Hace cuarenta años Black Panther hubiera sido una película de blaxploitation, ese género adorado por Tarantino en el que la comunidad afroamericana es la protagonista con bandas de sonido que hoy son clásicos. Pero ni Black Panther es tarantinesca ni, al día de hoy al menos, los ascendentes The Weeknd y Kendrick Lamar que adornan su música, son Curtis Mayfield, James Brown o Isaac Hayes.

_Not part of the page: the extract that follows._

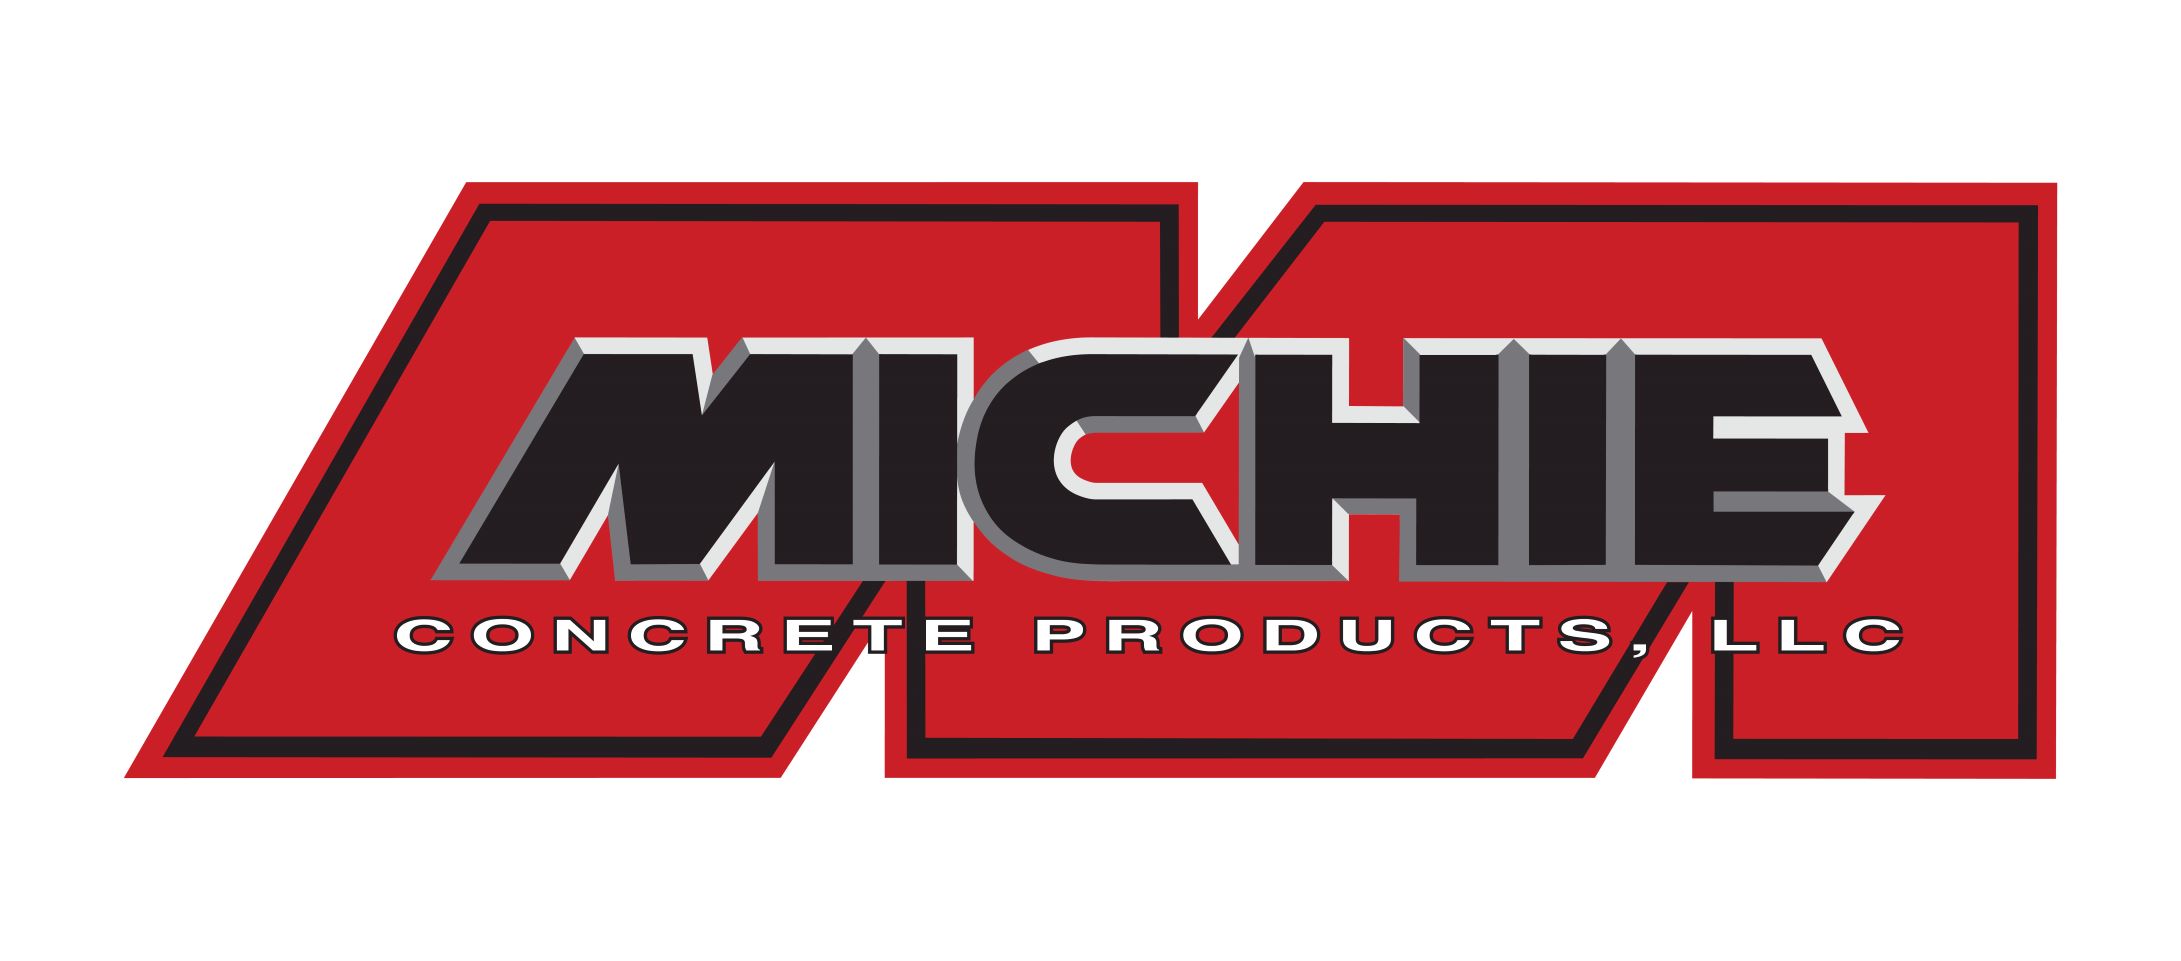 MICHIE CONCRETE PRODUCTS, LLC

Aunque sí tiene, como aquel cine de los 70, persecuciones en auto espectaculares y el desparpajo de una imaginería social y utópica que nos parece al menos justa: en África hay una nación escondida llamada Wakanda que cuenta con la tecnología más avanzada del mundo. Atravesado por un drama familiar con señales shakespereanas que incluyen traiciones entre hermanos, tíos, padres, hijos y primos, en Black Panther se destacan sus
mujeres, más dimensionales que las pálidas valquirias insulares (interpretadas hieráticamente) de La mujer maravilla. Sobre todo la actriz Danai Gurira, Okoje, jefa de la guardia real, que logra un mayor impacto incluso que el protagónico de Chadwick Boseman como Pantera Negra (y ambos repiten sus personajes en la reciente Avengers: Infinity War). Gurira parece haber aprendido la lección de Denzel Washington: se puede ser suave, duro y encantador en la pantalla. “¿Me matarías?”, le pregunta su marido, que ha traicionado, tanto a ella como a su país. “¿Por Wakanda? Sin dudarlo”, le contesta orgullosa Okoje.